This is also a good introduction from bygone days:
http://cva.stanford.edu/classes/cs99s/pape…-algorithms.pdf

Even though these papers are getting old, with the advent of GPU Computing and other parallel architectures they are becoming more important than ever.

Mark

Thanks for the links Mark. I think you are right in believing that the problem many of us are having is actually converting the operations that we want to do into data parallel algorithms. The example I gave for testing lamport’s bakery algorithm used a prefix sum.

I’ll admit right away that I am not a CS major and have never had any formal education on algorithms or programming in general. So many of these seemingly basic ideas are not immediately obvious to me.

I think that one of the main hurdles that CUDA will have to overcome is to make people realize that you aren’t just providing a C compiler for graphics cards (that is a very popular belief among people that I work with and report to), you are giving us a completely different programming model, where only the syntax is C. I guess time will tell whether or not the general community is married to the sequential programming model used by C, or just its syntax.

prkipfer: Although I think Mark is right about not approaching the problem in the right way, you can always get around compiler optimizations by writing a small section of the assembly by hand, and then linking it in as a precompiled library. I’m not going to mess around with it anymore unless I later realize that it is absolutely necessary to have a mutex, but if someone wanted to, all they would have to do is add a line that does a load from memory.

Inline assembly isn’t supported by the CUDA compiler in the beta version. It will be added in a future release.

As for developer education: yes, we know this will be a challenge, and that’s why we have a small army of developer technology engineers like myself tasked with supporting developers. :)

Also, we are supporting faculty who want to teach parallel programming and algorithms classes using CUDA. There is currently one being taught at U. of Illinois (UIUC) by Wen-Mei Hwu and NVIDIA’s Chief Scientist David Kirk:
https://agora.cs.uiuc.edu/display/graphics/…ing+UIUC+Course

You might find the lecture notes and MP3 lecture recordings helpful:
http://courses.ece.uiuc.edu/ece498/al/

I believe one or more of the people posting on these forums is actually taking the course, too.

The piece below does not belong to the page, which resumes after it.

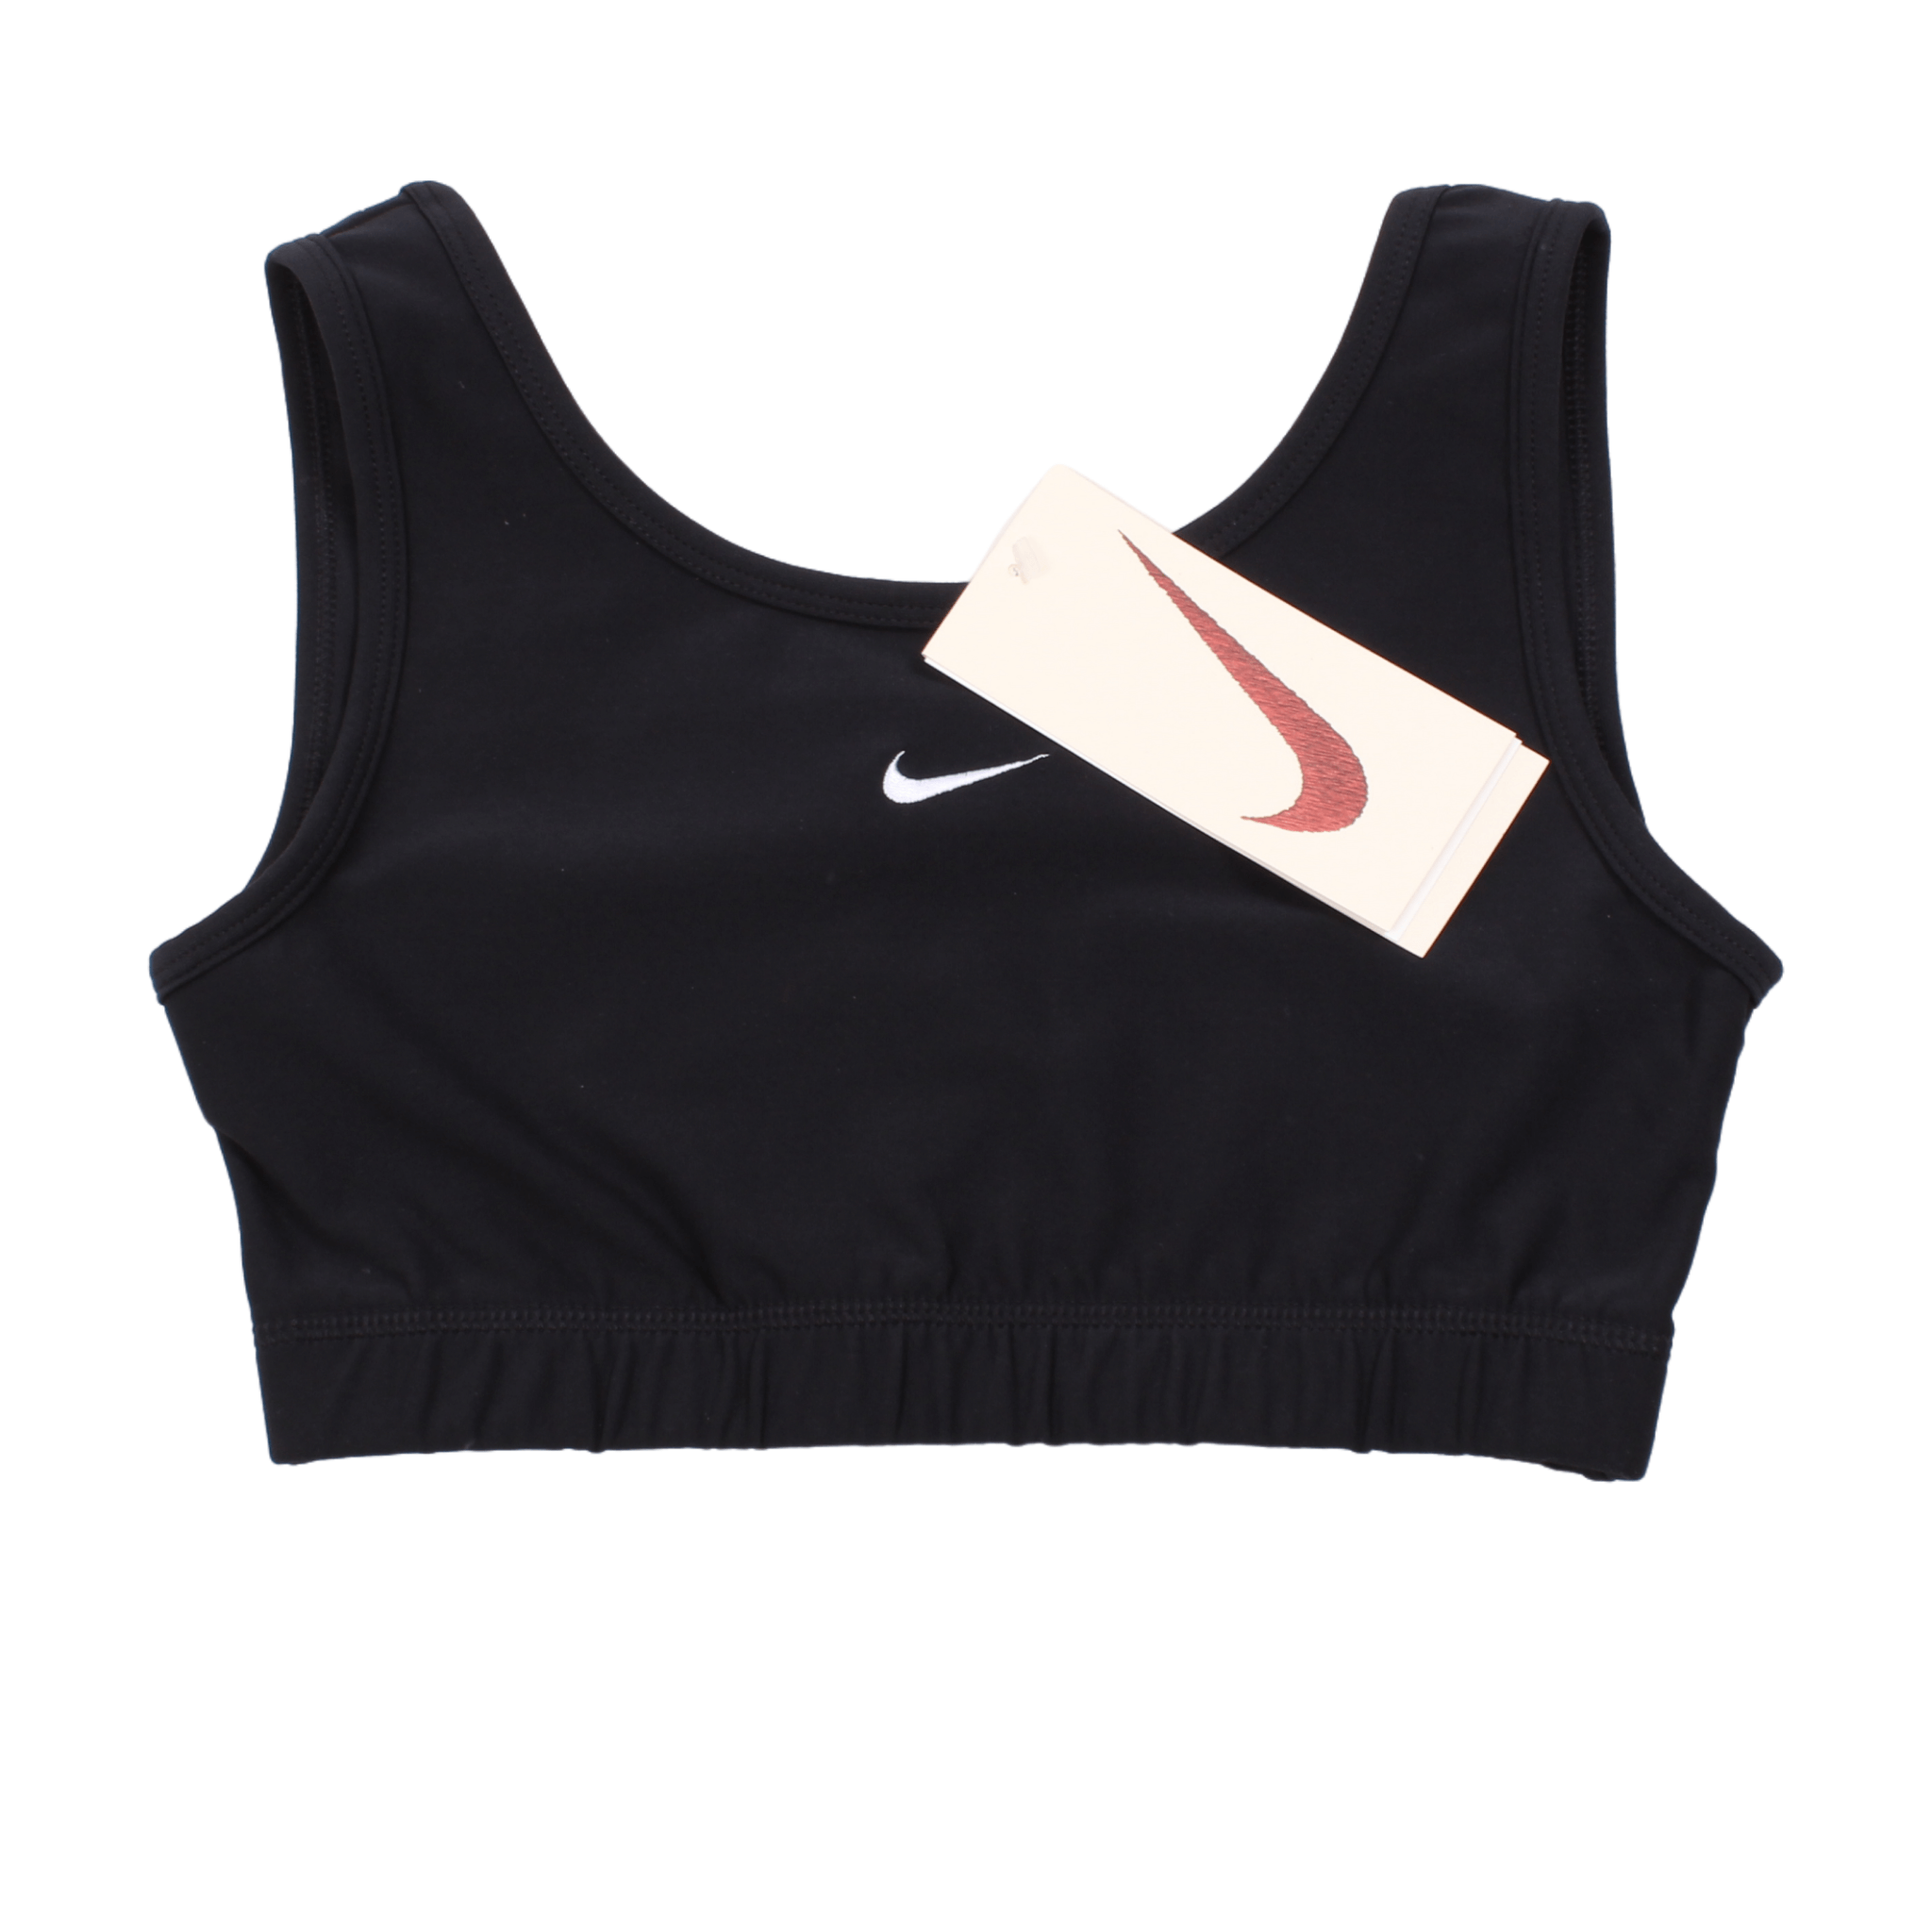 Vintage Nike sports bra

Parallelism at multiple levels is the future of computing, whether it’s with GPUs, multi- and many-core processors (heterogeneous and homogeneous), fpgas, clusters, or combinations of all of these.

Mark

I totally agree. Just tried to be helpful. Hey, I didn’t bring up that topic :wave:

@GregD: I tried modifying the created .ptx file manually (in a different context). However my success was limited as the cubin assembler again seems to do some code movement.

For algorithms: I found it quite instructive to study (once more) the old Sedgewick book in the light of CUDA’s programming model.

Peter

Just to second what Mark has said, programming is shifting to parallel programming. This is due to the wall that a single CPU performance has run into (just think how long we’ve been stuck at 3GHz). The only solution, according to many experts from industry and academia, is going parallel and putting many CPU cores on a chip. In fact, the Moore’s law is being restated that the number of cores will double every 18 months or so. The drawback is that parallel programming requires a slightly different approach to thinking and problem solving, but it is unavoidable.

For more on this, I’d recommend checking out David Patterson’s talk at Stanford (he also gave a similar talk at PARC, video also available):
http://stanford-online.stanford.edu/course…1-ee380-300.asx
and the View from Berkeley whitepaper (not too technical, quite an easy read):
http://www.eecs.berkeley.edu/Pubs/TechRpts…S-2006-183.html

When writing parallel programs, you have to make a shift from sequential programming idea that there’s a single “authority” (a CPU) which oversees how all data is processed. Instead, think of what happens to each data element. Effectively, each data element has to “take care” of itself by knowing which operations it must go through, which gives you your kernel.

Paulius